I sat in the sun at the top of a pass, chatting with Mark as we waited for Andy, who’d taken a wrong turn and was having a lovely afternoon ride through the Swiss Alps on his own. He’d borrowed someone’s phone and sent a text message to Mark to say that he was on his way.

‘Do you think they’ve painted the pylons green to try and hide them?’ asked Mark, nodding across at the valley.

‘A view like that, and you’re talking about pylons?’

The long grass was bursting with long-stemmed buttercups and purple thistles, rocking in the gentlest of breezes. Across the road was a billboard advertising ‘Glacier 3000’, a giant cable-car ride that would take its passengers up to an altitude of ten thousand feet. Once there, they would have the opportunity to ignore the free scenery – or fork out more cash to ride the world’s highest alpine roller-coaster, and then buy a Polaroid picture of themselves, screaming.

‘Did he say how far away he was?’ I asked Mark.

‘Nope.’

‘I don’t know why he keeps doing this,’ I moaned. ‘He knows I’m supposed to be navigating – that’s why we set up these “group roles”, to avoid exactly this kind of situation.’

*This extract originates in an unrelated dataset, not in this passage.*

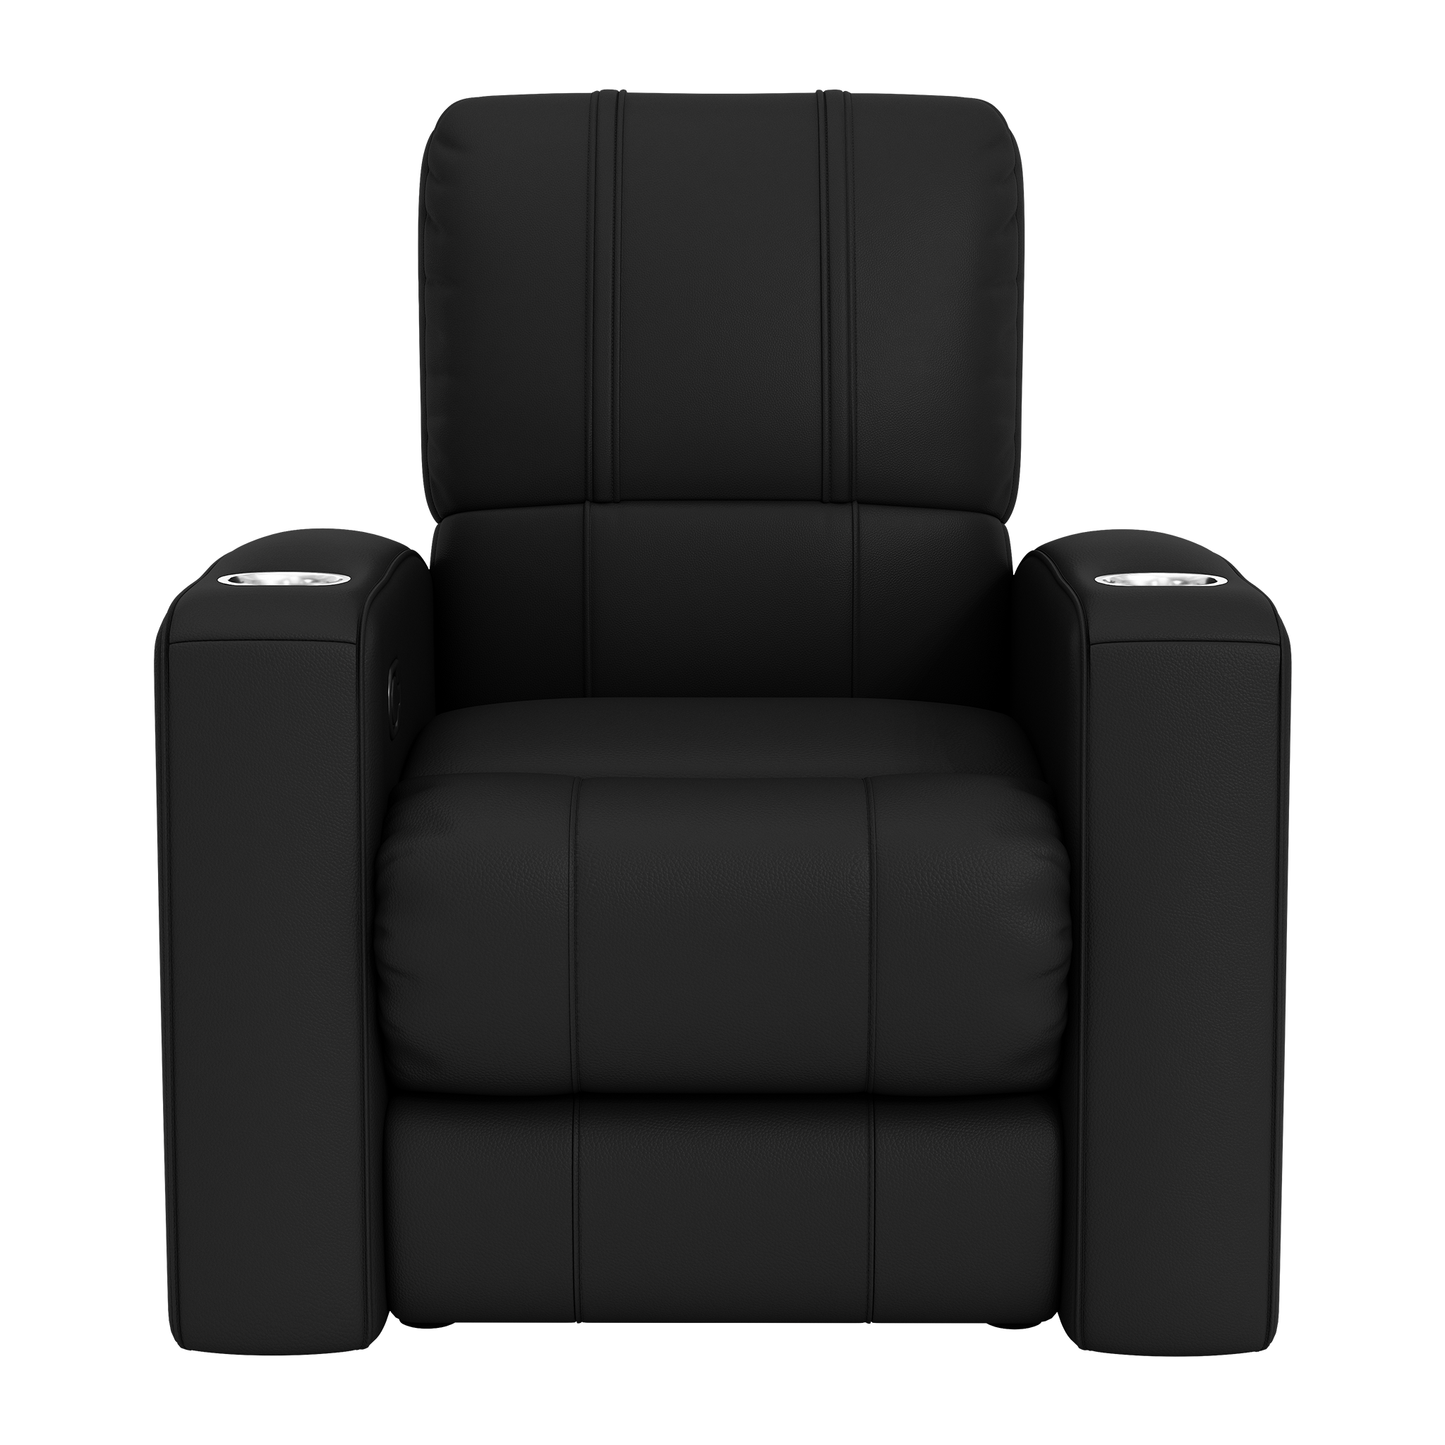 Relax Home Theater Recliner with Cincinnati Reds Logo

‘I think he’s just excited about the riding – that’s all. There’s no point being hard on him. He’s going to be here soon.’

‘Yeah … I guess so.’

We basked in the sun. I tried not to feel guilty about another extended break in the riding. After all, to lie in the long grass on a warm summer’s day, eyes closed, was about the simplest pleasure imaginable. But relaxing seemed to require practice.

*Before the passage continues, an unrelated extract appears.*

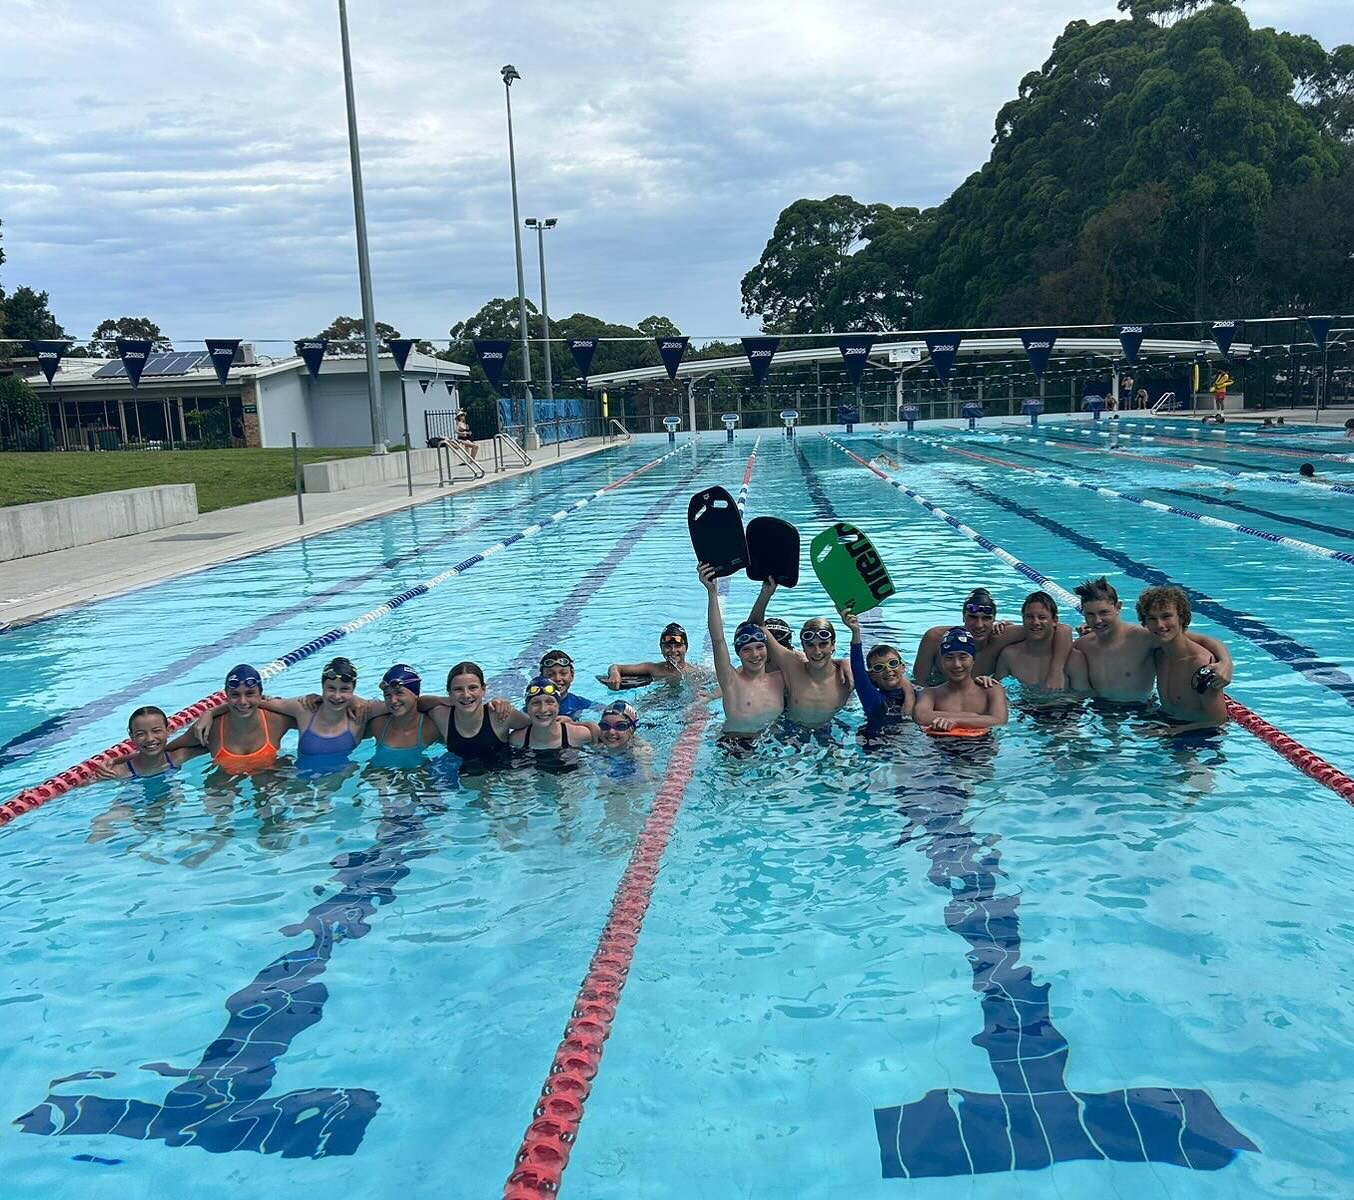 Wrapping up a FUN week of Swim Camp, designed to get our squad back into training and prepared for a busy season ahead! Great work and effort from all our swimmers! See you all back to normal training sessions and times from next week!

‘The thing is,’ I continued, ‘we’re such good friends, and we know each other so well – it’s kind of inevitable that you take it out on the people closest to you. And we’re both unwilling to admit that we’re the ones at fault, so occasionally it keeps going a bit longer than it should. But at least it doesn’t end in violence any more.’

‘It used to end in violence?’

‘Yeah, it did.’

‘OK, cool, cool … good stuff.’

‘But that’s going back a long way,’ I clarified.

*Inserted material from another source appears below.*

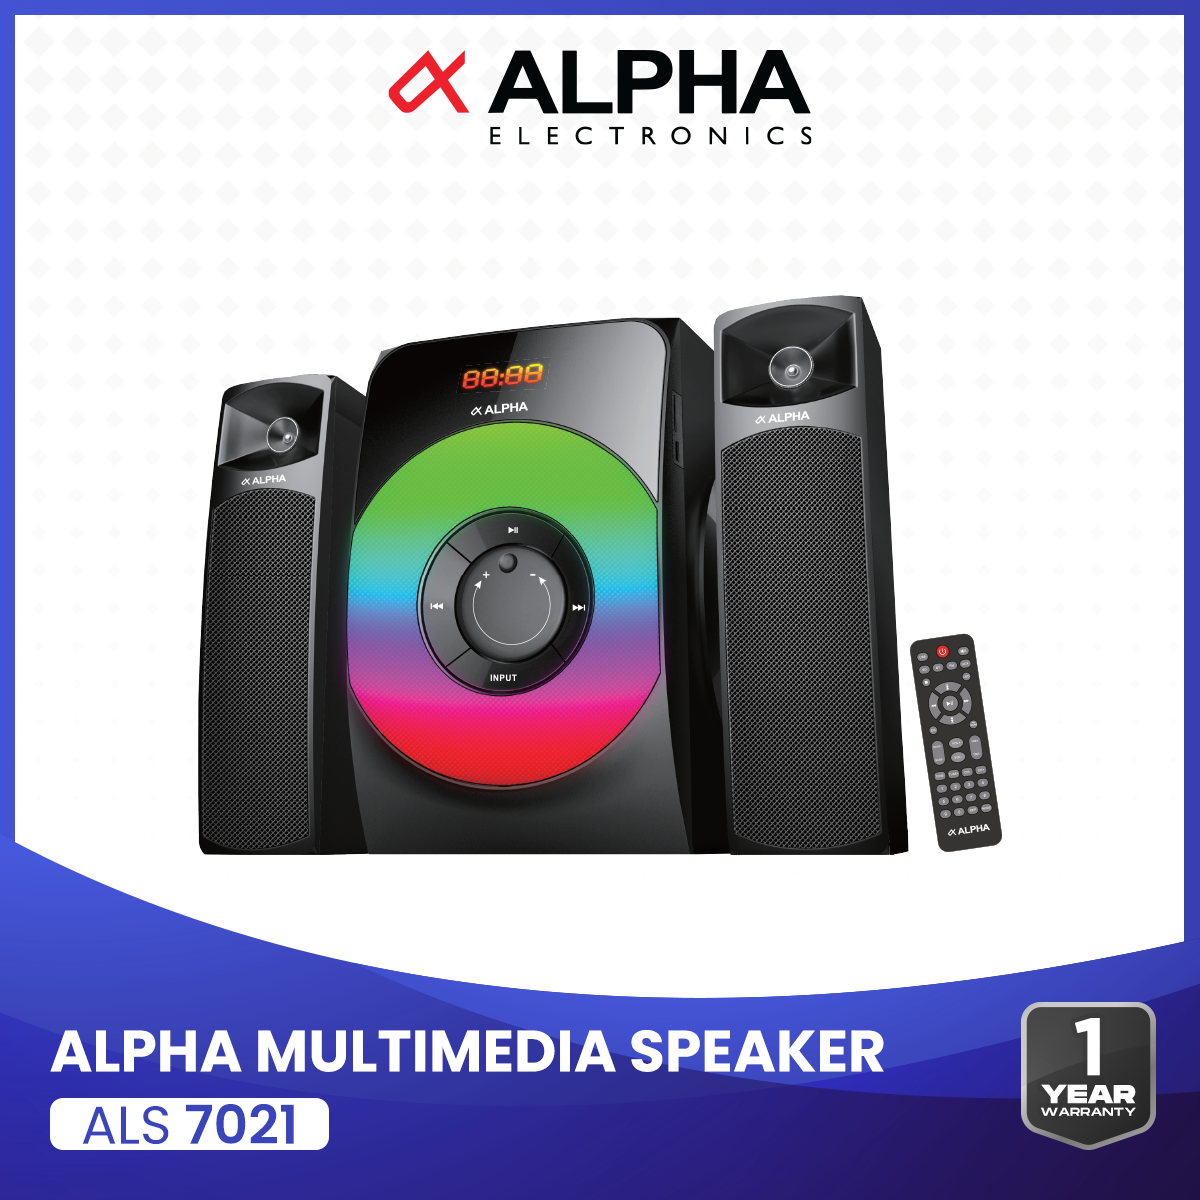 Portable Speakers Archives - Alpha International Company Limited

‘Right. Well, I’ve noticed it’s got a lot better in the last couple of weeks.’

In France we’d agreed that too much time was spent discussing the same old minutiae, so we’d decided to set up a weekly rota. This had resulted in identifying the two main chores of life on the road – meals and route-finding – and we’d assigned jobs via three rounds of paper-scissors-stone. Thus had I landed the first week-long assignment of ‘Routemaster’, and Andy the expedition’s first ‘Foodmaster’. Mark, in order that he not feel left out, had been branded with the flattering title of ‘General Bitch’, which was more fun than it sounded, as it encompassed directing the filming efforts, co-ordinating places to sleep, handing out Haribo, fishing when appropriate, and doing the washing up. It’d had the immediate effect of smoothing out our days, giving us more time to enjoy unexpected discoveries and meetings. It had also preventing Mark and Andy from ganging up on me the whole bloody time.

‘What’s that book you’ve got there?’ I asked. Mark always kept at least one book to hand in his handlebar bag, snatching a few minutes of reading whenever he could.

‘Oh, it’s Crime and Punishment. I think you should read it.’

 

I could smell steak being barbecued as I dumped my bike on the driveway at the address I’d scribbled in my notebook, and my knackered body interpreted this aroma as permission to shut down entirely, even before J.P. and Sally had answered their door. It was nine in the evening, the last dregs of light draining from a clear sky, the silhouette of Mont Blanc tipped red on the western horizon.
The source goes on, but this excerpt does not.